Renal Impairment: The elimination of flecainide from the body depends on renal function (ie, 10 to 50% appears in urine as unchanged drug). With increasing renal impairment, the extent of unchanged drug excretion in urine is reduced and the plasma half-life of flecainide is prolonged. Different dosage regimens are recommended for patients with various degrees of renal insufficiency (see Pharmacology and Dosage).
Blood Dyscrasias: There have been extremely rare reports of blood dyscrasias (pancytopenia, anemia, thrombocytopenia, leukopenia, granulocytopenia). Although no causal relationship has been established, it is advisable to discontinue flecainide in patients who develop blood dyscrasia in order to eliminate it as the possible causative agent.
Occupational Hazards: Since flecainide can cause dizziness, light headedness, faintness and visual disturbance, patients should be cautioned about engaging in activities requiring judgment and physical co-ordination (such as driving an automobile or operating dangerous machinery) when these effects occur.
Geriatrics: Flecainide elimination from plasma is somewhat slower in this age group (see Dosage).
Lactation: Flecainide is excreted in human milk. Because of the drug’s potential for serious adverse reactions in nursing infants, a decision should be made whether to discontinue nursing or discontinue the drug, taking into account the importance of the drug to the mother.
Children: The safety and effectiveness in children below the age of 18 years have not been established.

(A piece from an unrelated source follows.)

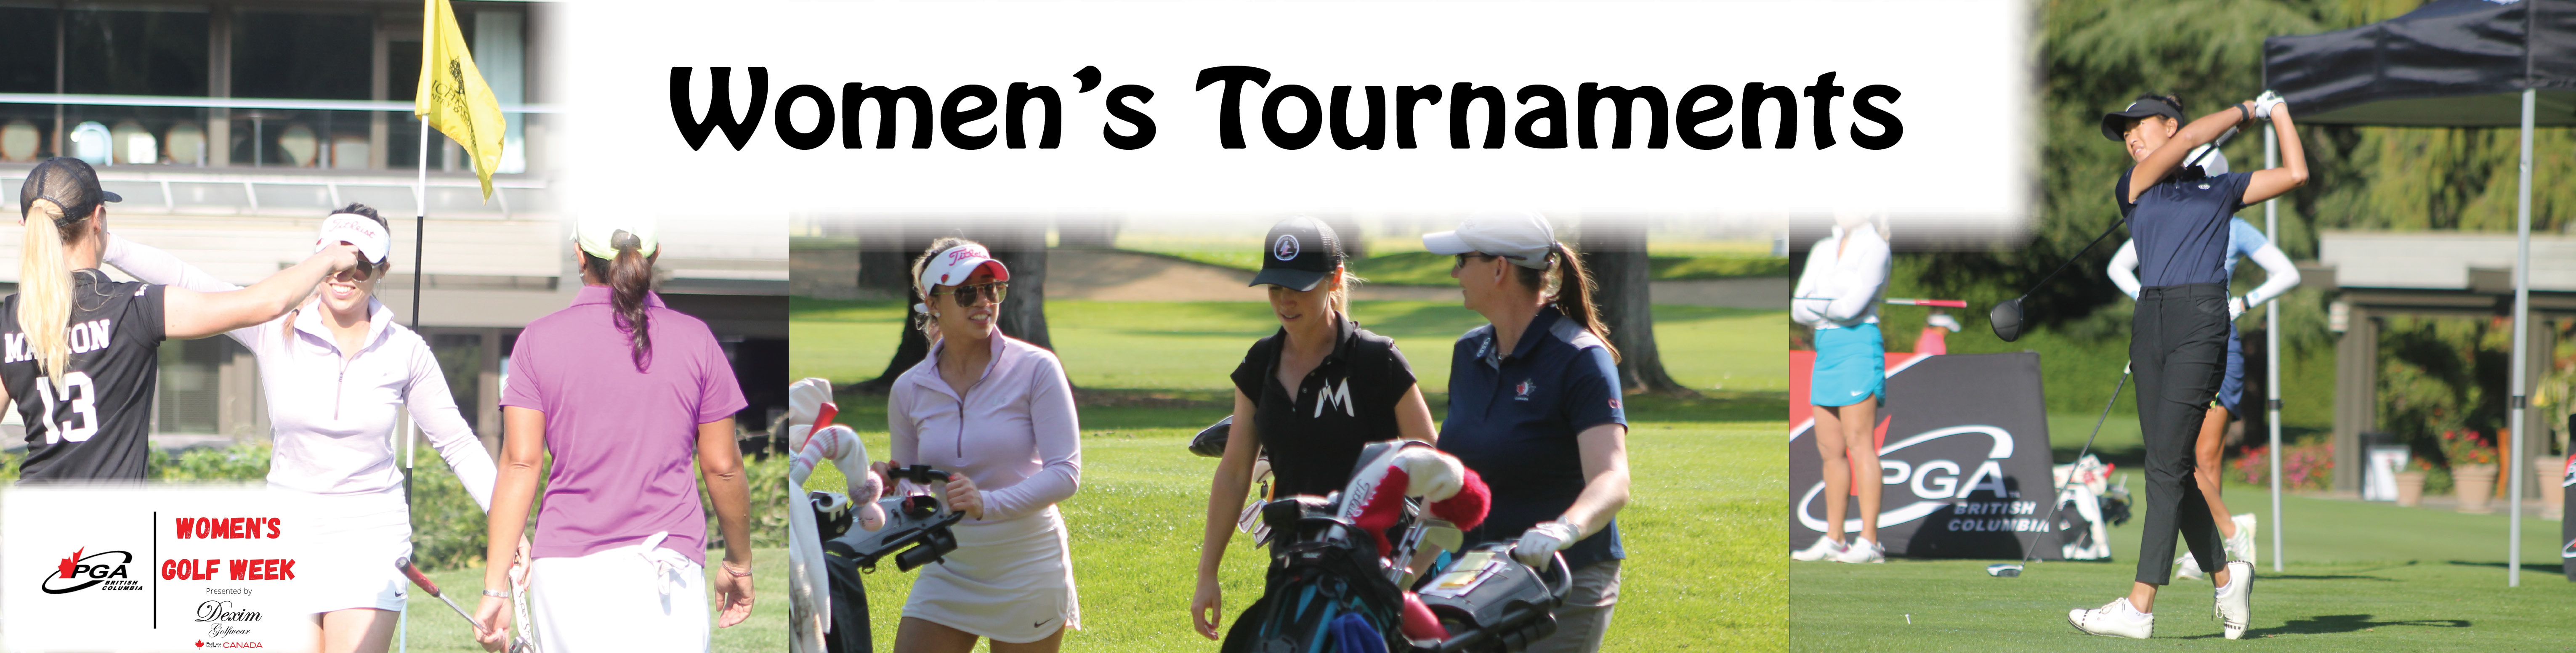 Womens Tournaments PGA of British Columbia image

Drug Interactions: Flecainide has been administered to patients receiving digitalis preparations or beta-adrenergic blocking agents without adverse effects. During multiple oral doses to healthy subjects stabilized on a maintenance dose of digoxin, a 13 to 19% increase in plasma digoxin levels occurred at 6 hours postdose.
In a study involving healthy subjects receiving flecainide and propranolol concurrently, plasma flecainide levels were increased about 20% and propranolol levels were increased about 30% compared with control values. In this study, flecainide and propranolol were each found to have negative inotropic effects; when the drugs were administered together, the effects were additive. The effects of concomitant administration on the PR interval were less than additive. In flecainide clinical trials, patients who were receiving beta blockers concurrently did not experience an increased incidence of side effects. Nevertheless, the possibility of additive negative inotropic effects of beta blockers and flecainide should be recognized.
Flecainide has been used in a large number of patients receiving diuretics without apparent interaction.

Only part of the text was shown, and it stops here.